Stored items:

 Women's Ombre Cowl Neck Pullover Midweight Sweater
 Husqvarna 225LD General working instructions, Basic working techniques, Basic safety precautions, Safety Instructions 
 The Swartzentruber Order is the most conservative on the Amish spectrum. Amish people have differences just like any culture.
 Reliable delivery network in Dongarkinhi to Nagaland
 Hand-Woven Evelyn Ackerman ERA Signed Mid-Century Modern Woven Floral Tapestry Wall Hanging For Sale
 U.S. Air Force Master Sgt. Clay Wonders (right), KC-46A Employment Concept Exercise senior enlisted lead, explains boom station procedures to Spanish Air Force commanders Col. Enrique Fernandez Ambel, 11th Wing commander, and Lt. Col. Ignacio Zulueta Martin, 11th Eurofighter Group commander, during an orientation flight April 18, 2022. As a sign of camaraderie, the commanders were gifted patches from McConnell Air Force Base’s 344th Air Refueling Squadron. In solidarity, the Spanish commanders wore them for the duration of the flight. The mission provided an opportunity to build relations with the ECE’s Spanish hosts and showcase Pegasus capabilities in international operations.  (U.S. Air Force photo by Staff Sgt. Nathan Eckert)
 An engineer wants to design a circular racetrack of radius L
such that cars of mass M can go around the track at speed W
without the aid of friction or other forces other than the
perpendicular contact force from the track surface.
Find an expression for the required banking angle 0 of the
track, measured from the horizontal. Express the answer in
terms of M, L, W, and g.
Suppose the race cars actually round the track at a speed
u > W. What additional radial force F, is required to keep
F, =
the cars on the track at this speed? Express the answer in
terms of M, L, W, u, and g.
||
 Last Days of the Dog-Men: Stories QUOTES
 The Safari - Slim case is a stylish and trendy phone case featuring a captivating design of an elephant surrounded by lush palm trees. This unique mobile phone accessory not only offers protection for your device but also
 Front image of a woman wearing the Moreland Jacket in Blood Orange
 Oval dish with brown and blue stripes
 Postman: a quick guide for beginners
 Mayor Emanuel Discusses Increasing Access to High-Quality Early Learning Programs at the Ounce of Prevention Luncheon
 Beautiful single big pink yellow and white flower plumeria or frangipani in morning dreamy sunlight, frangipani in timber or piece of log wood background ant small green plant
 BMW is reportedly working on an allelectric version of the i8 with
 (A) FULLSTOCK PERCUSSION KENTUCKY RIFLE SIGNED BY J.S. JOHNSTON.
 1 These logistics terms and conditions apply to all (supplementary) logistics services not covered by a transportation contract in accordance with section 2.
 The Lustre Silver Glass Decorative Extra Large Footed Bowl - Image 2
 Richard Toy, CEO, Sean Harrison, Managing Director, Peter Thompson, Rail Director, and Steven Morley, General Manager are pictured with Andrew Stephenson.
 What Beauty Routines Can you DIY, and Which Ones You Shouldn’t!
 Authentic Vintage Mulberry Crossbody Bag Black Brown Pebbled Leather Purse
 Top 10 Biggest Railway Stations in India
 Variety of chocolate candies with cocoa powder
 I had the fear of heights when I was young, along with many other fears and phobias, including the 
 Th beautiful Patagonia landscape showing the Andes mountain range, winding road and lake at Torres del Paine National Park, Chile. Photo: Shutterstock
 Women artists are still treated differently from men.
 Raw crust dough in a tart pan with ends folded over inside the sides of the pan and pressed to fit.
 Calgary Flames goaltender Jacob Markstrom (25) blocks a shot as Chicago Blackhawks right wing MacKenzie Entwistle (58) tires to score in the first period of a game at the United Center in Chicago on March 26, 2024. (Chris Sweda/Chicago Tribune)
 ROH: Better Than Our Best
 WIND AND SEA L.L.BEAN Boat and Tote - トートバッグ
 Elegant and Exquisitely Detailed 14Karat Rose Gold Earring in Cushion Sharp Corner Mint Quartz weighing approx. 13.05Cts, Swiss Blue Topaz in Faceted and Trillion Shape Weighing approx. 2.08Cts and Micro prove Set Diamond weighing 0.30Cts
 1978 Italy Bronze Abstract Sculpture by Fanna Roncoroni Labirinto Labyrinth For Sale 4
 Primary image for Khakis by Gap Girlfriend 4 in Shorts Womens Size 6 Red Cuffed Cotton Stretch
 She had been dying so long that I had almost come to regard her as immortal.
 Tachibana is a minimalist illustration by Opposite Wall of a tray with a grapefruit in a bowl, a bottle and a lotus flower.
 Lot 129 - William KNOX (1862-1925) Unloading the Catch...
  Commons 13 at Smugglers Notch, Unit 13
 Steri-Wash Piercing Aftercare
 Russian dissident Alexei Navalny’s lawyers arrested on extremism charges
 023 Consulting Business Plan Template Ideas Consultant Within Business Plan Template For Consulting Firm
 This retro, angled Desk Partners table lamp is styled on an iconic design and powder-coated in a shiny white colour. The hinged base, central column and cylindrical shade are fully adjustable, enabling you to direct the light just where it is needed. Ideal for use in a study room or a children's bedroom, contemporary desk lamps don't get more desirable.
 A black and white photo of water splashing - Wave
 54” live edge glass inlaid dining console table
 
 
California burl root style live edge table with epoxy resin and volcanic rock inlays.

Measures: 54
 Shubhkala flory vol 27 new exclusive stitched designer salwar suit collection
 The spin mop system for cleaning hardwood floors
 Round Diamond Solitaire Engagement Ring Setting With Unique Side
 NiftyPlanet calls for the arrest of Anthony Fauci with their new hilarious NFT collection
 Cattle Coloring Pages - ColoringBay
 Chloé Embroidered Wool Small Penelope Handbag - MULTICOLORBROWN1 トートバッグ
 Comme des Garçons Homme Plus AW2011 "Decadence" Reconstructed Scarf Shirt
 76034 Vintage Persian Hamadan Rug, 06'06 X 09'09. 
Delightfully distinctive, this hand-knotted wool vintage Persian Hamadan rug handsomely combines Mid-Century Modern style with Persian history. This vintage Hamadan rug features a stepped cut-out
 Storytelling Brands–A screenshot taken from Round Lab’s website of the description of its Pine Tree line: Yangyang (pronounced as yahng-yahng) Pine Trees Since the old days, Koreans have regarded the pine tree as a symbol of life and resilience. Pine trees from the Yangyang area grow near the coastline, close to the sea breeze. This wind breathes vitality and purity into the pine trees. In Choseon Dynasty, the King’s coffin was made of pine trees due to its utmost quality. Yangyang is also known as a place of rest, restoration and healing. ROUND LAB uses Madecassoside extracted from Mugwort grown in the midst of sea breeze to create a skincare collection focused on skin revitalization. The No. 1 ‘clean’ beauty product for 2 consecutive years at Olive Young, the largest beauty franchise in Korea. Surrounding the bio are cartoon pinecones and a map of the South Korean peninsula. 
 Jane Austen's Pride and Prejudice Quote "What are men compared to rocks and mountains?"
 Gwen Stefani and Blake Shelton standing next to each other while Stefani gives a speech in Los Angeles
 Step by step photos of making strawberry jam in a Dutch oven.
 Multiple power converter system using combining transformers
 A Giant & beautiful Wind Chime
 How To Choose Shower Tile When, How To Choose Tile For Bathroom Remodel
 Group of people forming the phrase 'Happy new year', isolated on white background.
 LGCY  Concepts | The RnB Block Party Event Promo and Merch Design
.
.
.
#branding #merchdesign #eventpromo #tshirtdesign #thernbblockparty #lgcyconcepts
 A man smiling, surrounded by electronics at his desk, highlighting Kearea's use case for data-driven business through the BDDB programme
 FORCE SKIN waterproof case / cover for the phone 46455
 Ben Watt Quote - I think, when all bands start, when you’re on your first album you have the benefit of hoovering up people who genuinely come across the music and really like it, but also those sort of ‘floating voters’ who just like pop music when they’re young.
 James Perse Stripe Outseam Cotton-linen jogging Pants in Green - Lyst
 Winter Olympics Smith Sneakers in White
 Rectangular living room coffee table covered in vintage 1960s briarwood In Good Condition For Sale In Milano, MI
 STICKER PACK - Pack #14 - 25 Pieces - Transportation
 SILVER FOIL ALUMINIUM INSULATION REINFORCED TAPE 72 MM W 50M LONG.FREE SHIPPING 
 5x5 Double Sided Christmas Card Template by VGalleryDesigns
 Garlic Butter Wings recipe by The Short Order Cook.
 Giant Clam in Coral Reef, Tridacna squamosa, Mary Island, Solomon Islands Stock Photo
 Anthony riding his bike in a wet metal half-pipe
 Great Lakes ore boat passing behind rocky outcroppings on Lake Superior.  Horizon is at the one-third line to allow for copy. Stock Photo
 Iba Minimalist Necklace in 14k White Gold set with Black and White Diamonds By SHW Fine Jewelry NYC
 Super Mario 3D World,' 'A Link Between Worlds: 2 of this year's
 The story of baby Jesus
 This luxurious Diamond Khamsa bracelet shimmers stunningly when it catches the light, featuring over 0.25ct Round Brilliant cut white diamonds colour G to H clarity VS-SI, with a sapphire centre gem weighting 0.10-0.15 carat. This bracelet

- **What to do**: All lines above holding the word "that" make up the answer; copy each one.

- **Result for this exercise**:
such that cars of mass M can go around the track at speed W
 She had been dying so long that I had almost come to regard her as immortal.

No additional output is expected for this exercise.